LeetCode题解：Combination Sum I and II

Combination Sum

Given a set of candidate numbers ( C) and a target number ( T), find all unique combinations in C where the candidate numbers sums to T.

The same repeated number may be chosen from C unlimited number of times.

Note:

• All numbers (including target) will be positive integers.
• Elements in a combination (a₁, a₂, … , a_k) must be in non-descending order. (ie, a₁ ≤ a₂ ≤ … ≤ a_k).
• The solution set must not contain duplicate combinations.

For example, given candidate set 2,3,6,7 and target 7,
A solution set is:
[7]

[2, 2, 3]

Combination Sum II

Given a collection of candidate numbers (C) and a target number (T), find all unique combinations in C where the candidate numbers sums to T.

Each number in C may only be used once in the combination.

Note:

• All numbers (including target) will be positive integers.
• Elements in a combination (a₁, a₂, … , a_k) must be in non-descending order. (ie, a₁ ≤ a₂ ≤ … ≤ a_k).
• The solution set must not contain duplicate combinations.

For example, given candidate set 10,1,2,7,6,1,5 and target 8,
A solution set is:
[1, 7]
[1, 2, 5]
[2, 6]
[1, 1, 6]

思路：

通过递归来构造排列组合。

其实另一个思路是构造一个特定的进制数。

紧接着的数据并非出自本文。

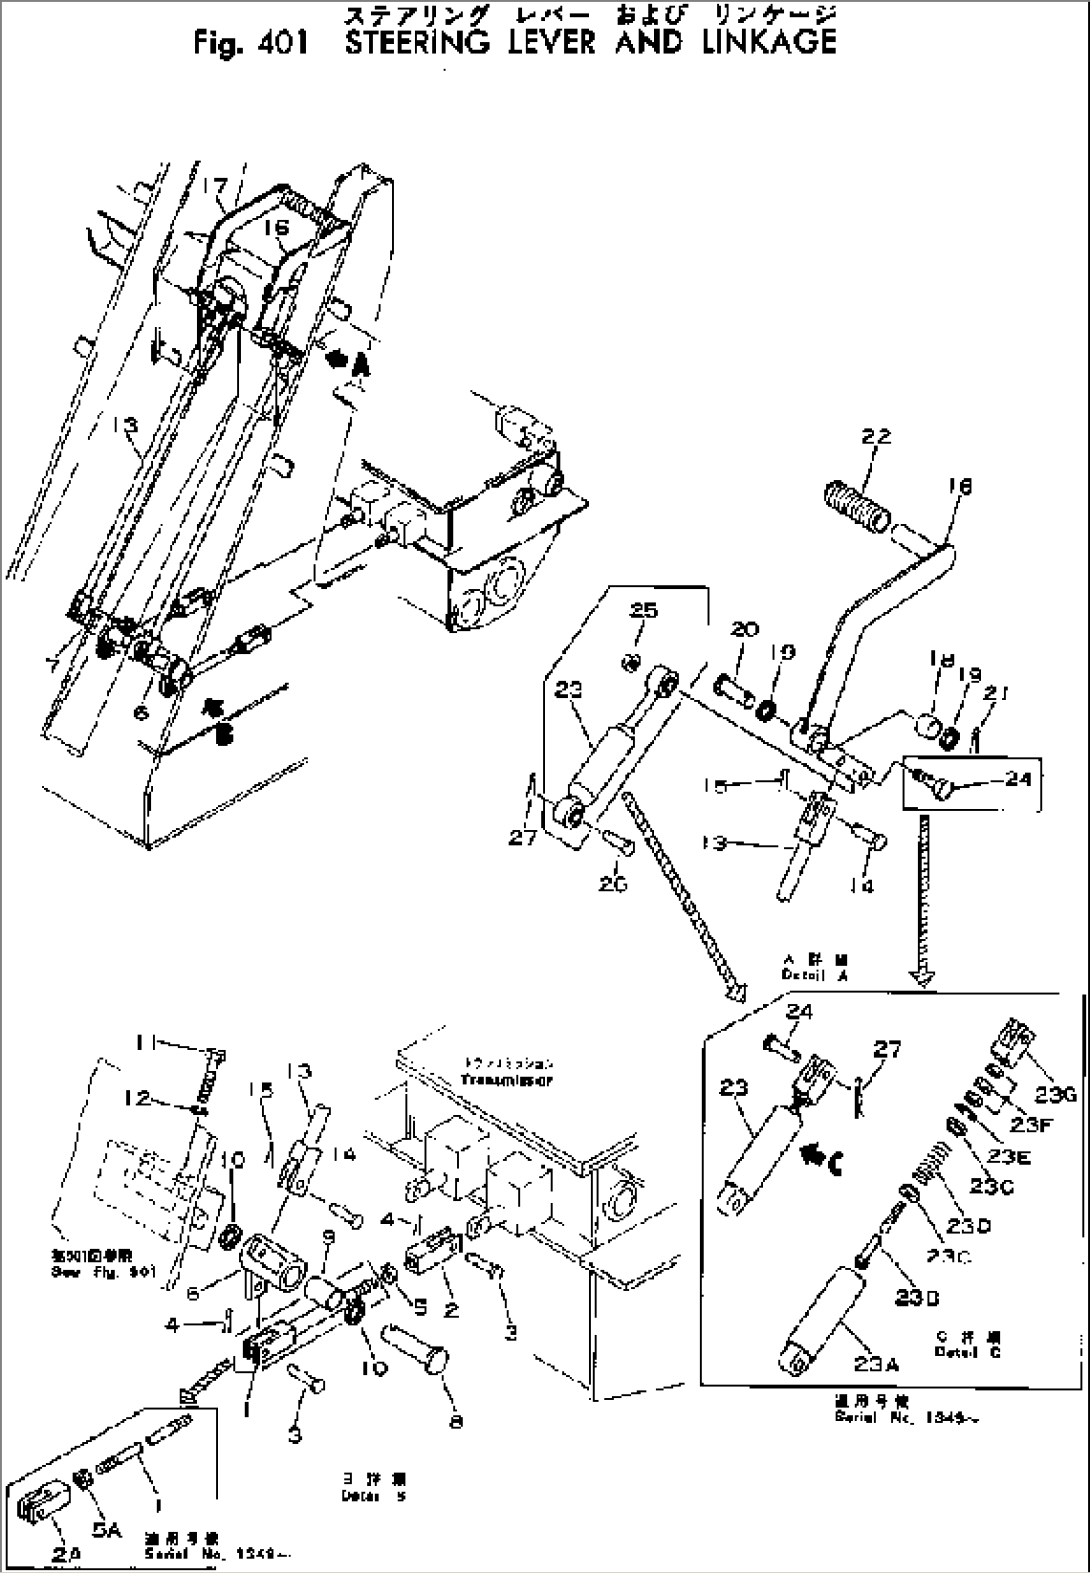 STEERING LEVER AND LINKAGE

对于第一个问题，可以用二进制来表示，第i个bit为1的时候表示使用这个数，反之表示不使用这个数。然后进行一次循环。第二个问题可以按照每个数字出现的次数来规定进位制度。缺点是可能会进行额外的大量计算，而且会更复杂。

题解：

class Solution {
public:
    vector<vector<int>> result;
    vector<int> hist;
    vector<int> cc;
    
    void generate_combinations(size_t index, int target)
    {
        if (target == 0)
        {
            result.push_back(hist);
            return;
        }
        
        if (index == cc.size())
            return;
        
        int usage = 0;
        while(target >= 0)
        {
            generate_combinations(index + 1, target);
            
            ++usage;
            target -= cc[index];
            hist.push_back(cc[index]);
        }
        
        for(int i = 0; i < usage; ++i)
            hist.pop_back();
    }
    
    vector<vector<int> > combinationSum(vector<int> &candidates, int target) {
        cc.swap(candidates);
        sort(begin(cc), end(cc));
        result.clear();
        hist.clear();
        
        if (cc.empty())
            return result;
        
        generate_combinations(0, target);
        return result;
    }
};

class Solution
{
public:
    vector<int> cc;
    vector<pair<int, int>> cc_count;
    vector<vector<int>> result;
    vector<int> history;
    
    void generate_combination (size_t index, int target)
    {
        if (target < 0)
            return;
            
        if (target == 0)
        {
            result.push_back (history);
            return;
        }
        
        if (index == cc_count.size())
            return;
            
        int i;
        for (i = 0; i <= cc_count[index].second; ++i)
        {
            generate_combination (index + 1, target);
            target -= cc_count[index].first;
            if (target < 0)
                break;
                
            history.push_back (cc_count[index].first);
        }
        
        for (int j = 0; j < i; ++j)
            history.pop_back();
    }
    
    vector<vector<int> > combinationSum2 (vector<int>& num, int target)
    {
        result.clear();
        cc_count.clear();
        
        cc.swap (num);
        sort (begin (cc), end (cc));
        
        while (!cc.empty() && cc.back() > target) cc.pop_back();
        
        if (cc.empty())
            return result;
            
        int val = cc.front(), count = 1;
        for (size_t i = 1; i < cc.size(); ++i)
        {
            if (cc[i] == val)
                ++count;
            else
            {
                cc_count.push_back (make_pair (val, count));
                val = cc[i], count = 1;
            }
        }
        cc_count.push_back (make_pair (val, count));
        
        generate_combination (0, target);
        
        return result;
    }
};